7.2.6 Files EstimSubSetn+…+m.dat

If an analysis considering a subset of traits is carried out, WOMBAT writes out a ﬁle EstimSubsetn+…+m.dat with the estimates of covariance matrices for this analysis. Writing of this ﬁle is ‘switched on’ when encountering the syntax “m”->n, specifying the trait number in the parameter ﬁle (see subsection 4.10.7). The ﬁrst two lines of EstimSubsetn+…+m.dat gives the following information :

(a): The number of traits in the subset and their names, as given in the parameter ﬁle.
(b): The corresponding trait numbers in the ‘full’ analysis.

This is followed by the covariance matrices estimated.
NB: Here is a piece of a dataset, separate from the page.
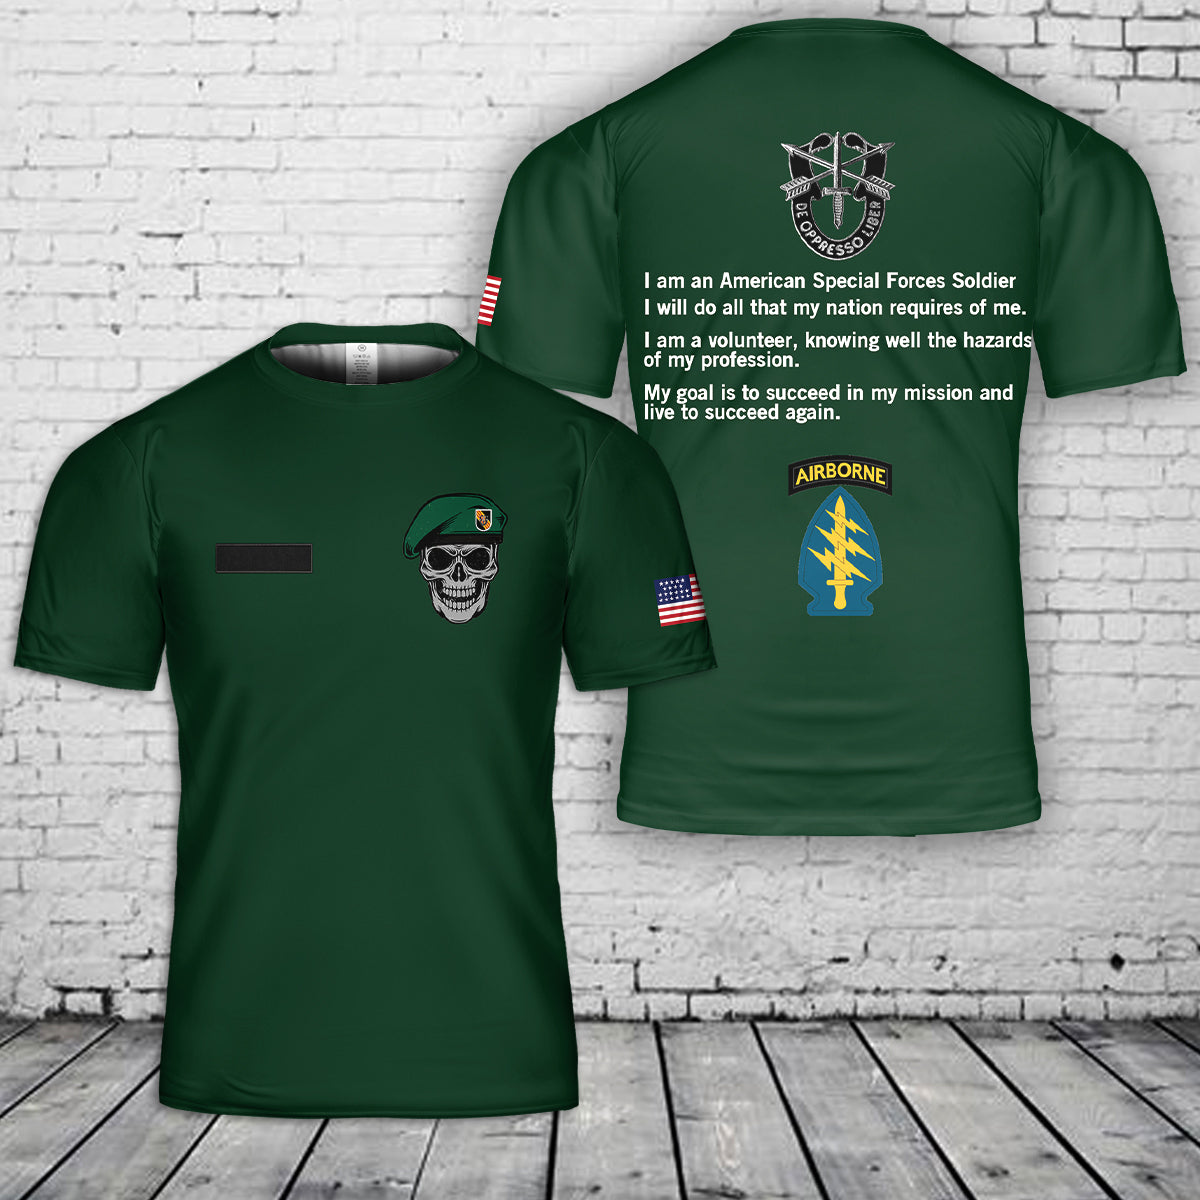 Custom Name US Army 5th SFG(A) Special Forces Group Green Berets T-Shi ...

The ﬁrst matrix given is the matrix of residual covariances, the other covariance matrices are given in the same order as speciﬁed in the parameter ﬁle.

(c)

The ﬁrst line for each covariance matrix gives the running number of the random eﬀect, the order of ﬁt and the name of the eﬀect

(d)

The following lines give the elements of covariance matrix, with one line per row.

The number of rows written is equal to the number of traits in the subset; for random eﬀects not ﬁtted for all traits, corresponding rows and columns of zeros are written out.

Finally, EstimSubsetn+…+m.dat gives some information on the data structure (not used subsequently) :

(e): The number of records for each trait
(f): The number of individuals with pairs of records
(g): The number of levels for the random eﬀects ﬁtted

7.2.7 Files PDMatrix.dat and PDBestPoint

These ﬁles give the pooled covariance matrices, obtained running WOMBAT with option --itsum.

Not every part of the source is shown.